Maid with the Golden Hair by Frederic Lord Leighton

Reading

 

  • Read romance novels. Regency novels are my favorites; they transport you back to the time when the only thing a person had to worry about was finding an eligible person to marry, and being a success in society. Don’t miss the web page for the grande dame of Regencies, Jane Austen. Georgette Heyer is the best contemporary author of regency romances. Try The Romance Reader for ideas on what to read. Two good Regency videos are Emma with Gwyneth Paltrow and Sense and Sensibility with Emma Thompson. My all-time favorite Regency video is A&E’s six-hour version of Pride and Prejudice.
  • Retreat to another world in a good fantasy book. Urban Fantasy is a genre that’s exploded in the past few years. One excellent series is Jim Butcher’s Dresden Files. Another is Kim Harrison’s The Hollows Series, with titles inspired by Clint Eastwood movies, like Dead Witch Walking. Simon Green’s Nightside Series is original and creepy. Tad Williams, David Eddings, Robin Hobb and Carol Berg write more traditional fantasy. The Feminist Science Fiction, Fantasy and Utopia page is a reference guide to works of such authors as Marion Zimmer Bradley, Ursula K. Le Guin and Suzy McKee Charnas.
  • If you’re into mysteries, MysteryNet.com should be right up your alley.

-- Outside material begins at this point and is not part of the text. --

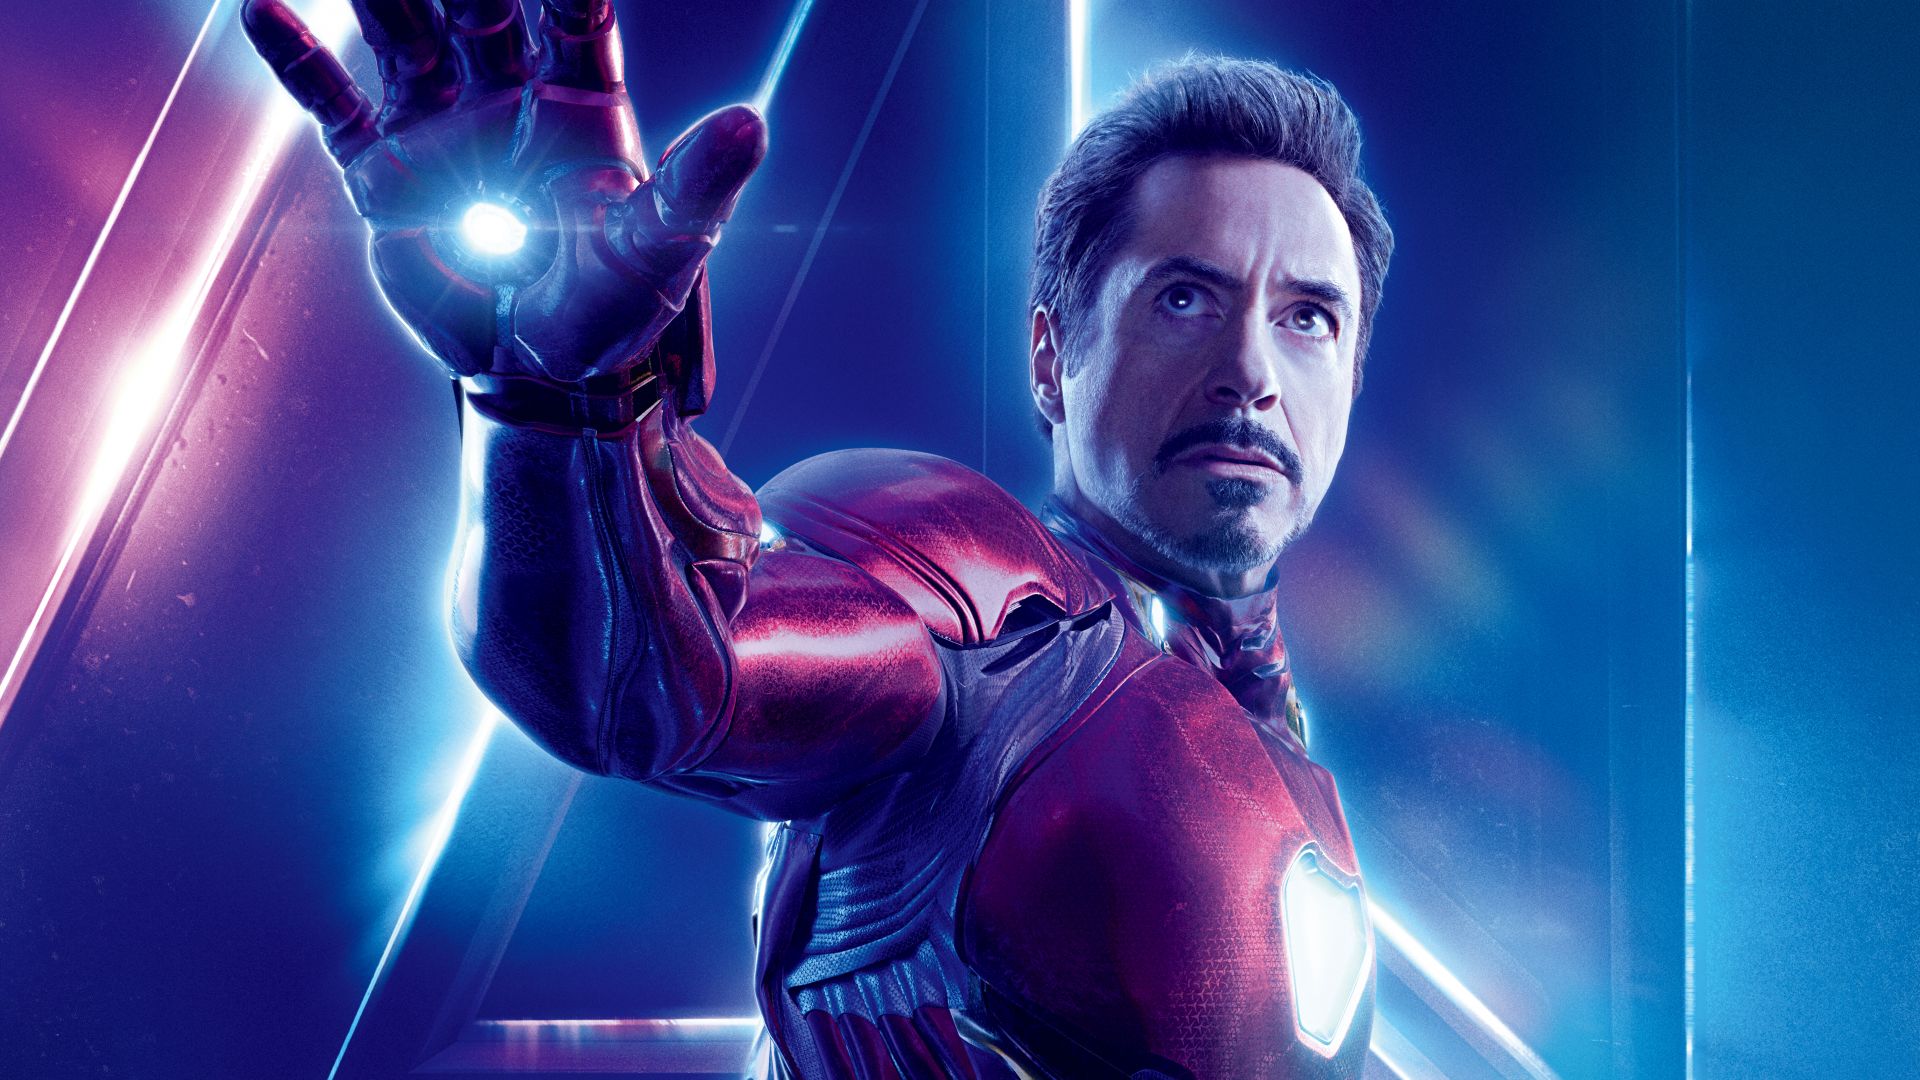 Uunfortunately, fans might be upset to know that Avengers: Endgame might be Downey's last Marvel movie. According to a new report, that will be the case.

Image: Autumn by Thomas Kinkade

Warm and Fuzzy

Middle Two Weeks
Last Two Weeks


Leave a comment

Your email address will not be published. Required fields are marked *

9 thoughts on “What to Do During the First Two Weeks You’re Waiting for Your Antidepressants to Kick In

  • Letty

    I’ve suffered with depression & anxiety for 22 yrs. Had my dosage increased 3 days ago and just waiting for the day it kicks in.This site gives me comfort that I’m not alone. Thanks.

  • Sarah

    Thank you so, so much for this. I honestly teared up reading the beginning, saying I should indulge myself. As anyone with depression can relate, I’ve been feeling so much guilt over a multitude of things, and reading that – and this whole article – makes me feel a bit better. Just started antidepressants today, so I will be coming back to this page often.

  • Shela Feliciano

    Thank you for this website. I have struggles with depression all of my life and at 46 have just started new meds and am having a hard time. This website is so hopeful, it gives me hope to wait on the meds to work. Sometimes its nice to know that although you FEEL all alone, you are not. And that there are people out there who understand where you are.

  • sonia

    What a great website! !! Have been on new meds for 3 days and just feel yukky with a couple of side effects. Do reading this article was excellent to just take time to let my body and mind work through adjusting to medication. THANK YOU !!!!☺☺

  • daisy

    Thank-you,you must be a very kind and compassionate person to have created this website ,heart warming .I’ve suffered with depression since I was a teenager , and at 44 its still a problem ,I try to be kind to myself and think this too will pass .

  • Horror Movie Medication

    I suffer from clinical depression. The scary kind of depression. In addition to seeking professional help, I have also discovered a coping mechanism for myself. Horror Movies. I they are great. I even made a whole blog dedicated to the horror movies I watch trying to drowned out my blues. I go into a little more of my reasoning here:
    http://horrormoviemedication.blogspot.com/2013/02/why-horror-helps.html
    check it out if you have the time.